Selena shared a glance with Tunney.
“Now, Byric,” the captain chided. “I been telling me friends here ‘bout yer great hospitality. They got plenty o’ questions fer you; just the sort you like. You aim to make a liar out o’ me do ya?”
Byric crossed his arms over his barrel chest. “My hospitality is offered so long as everyone keeps their bloody hands to themselves until they get my say-so.”
Tunney guffawed. “Gods, man. Twenty years since yer precious book was ripped and yer still sore? Well, wouldn’t you know it, but these here folk are all ‘bout asking after the Bazira who affronted you so terrible.” He turned to Selena. “I’d forgotten to mention yer witch lost her welcome here afore she departed Nanokar, on account of her messing up one o’ Byric’s musty old books.”
Byric snorted. “That musty old book was an illuminated manuscript from the Age of Tranquility. Aye, she ‘messed it’ when she tore out a page as if she meant to wipe her arse with it.” He turned his gaze on Selena and the others. “You want to know about Accora, eh? Who’s asking?”
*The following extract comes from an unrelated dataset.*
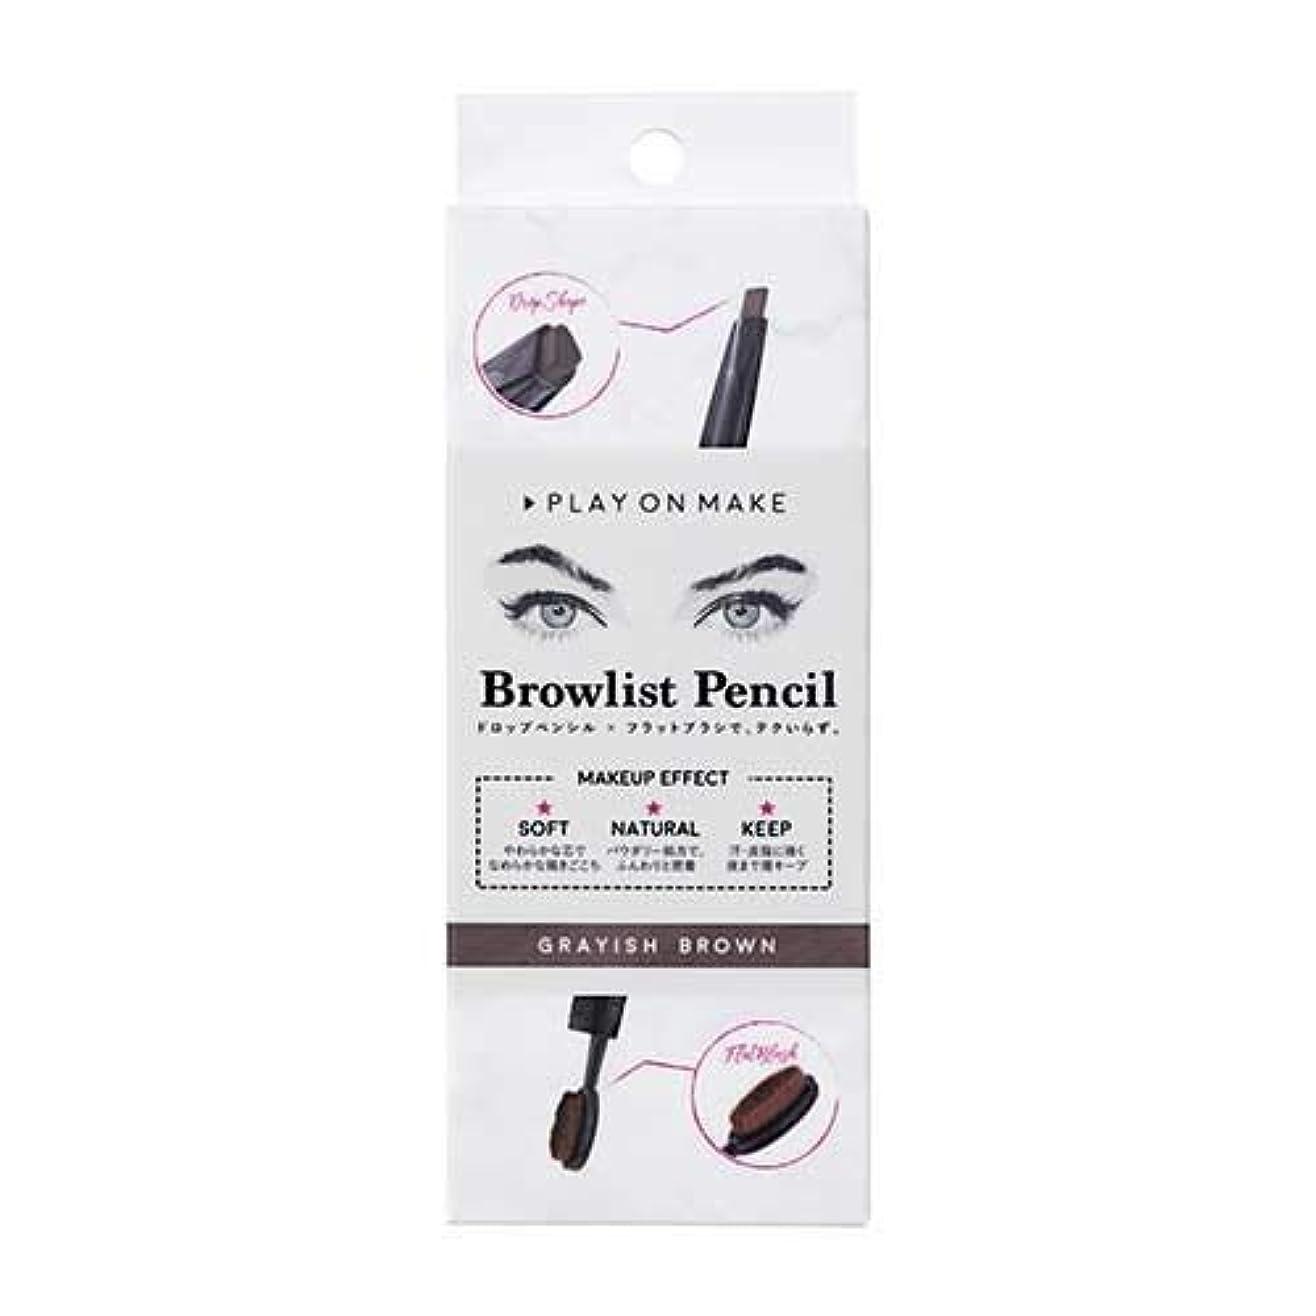 ましいアルコール未来PLAYONMAKE(プレイオンメイク) Browlist Pencil アイブロウ PM-0040 グレイッシュブラウン 3.2g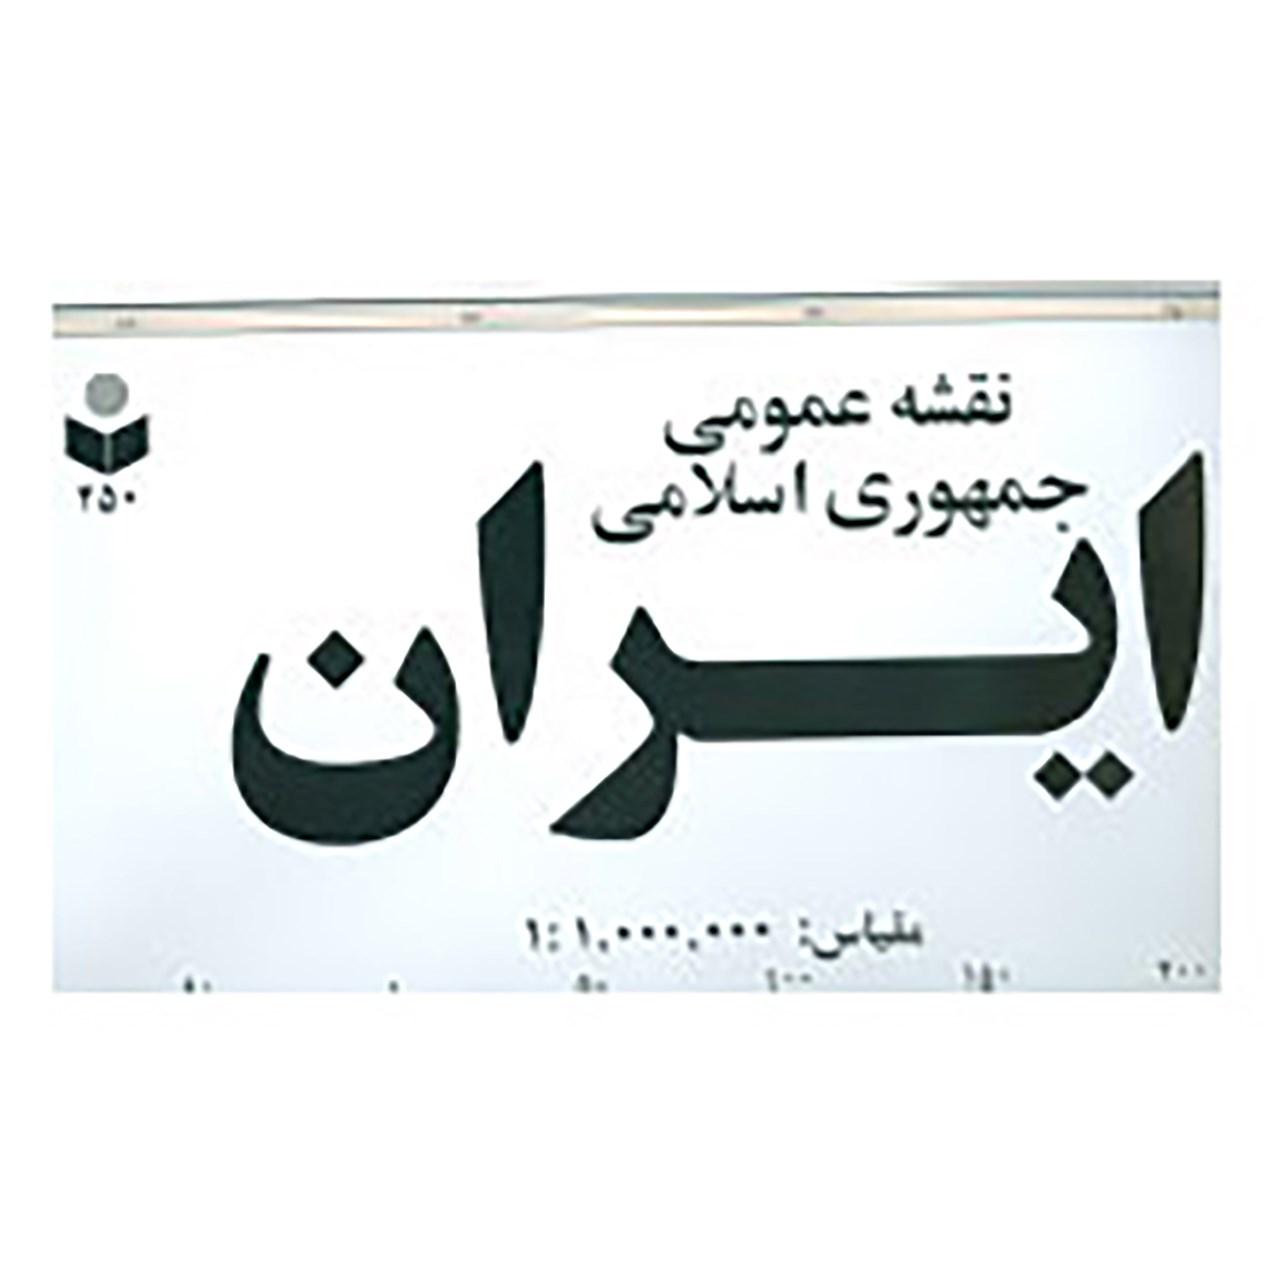 کتاب نقشه عمومی ایران راهها کد 450

“I’m Selena Koren, Paladin of the Shining face. This is Niven Mattias, a healer of the same, and Captain Julian Tergus of the Black Storm.”
The man warmed not at all to her introductions but stared at her with dark eyes shrouded in bushy brows that glinted with intelligence.
“Your library is quite unique,” Selena said. “Exceptional. Would you mind showing us some of its treasures?”
Some of the coolness in Byric’s expression melted. He narrowed his eyes at her. “Perhaps. But might I have a look at your treasure first, lady?”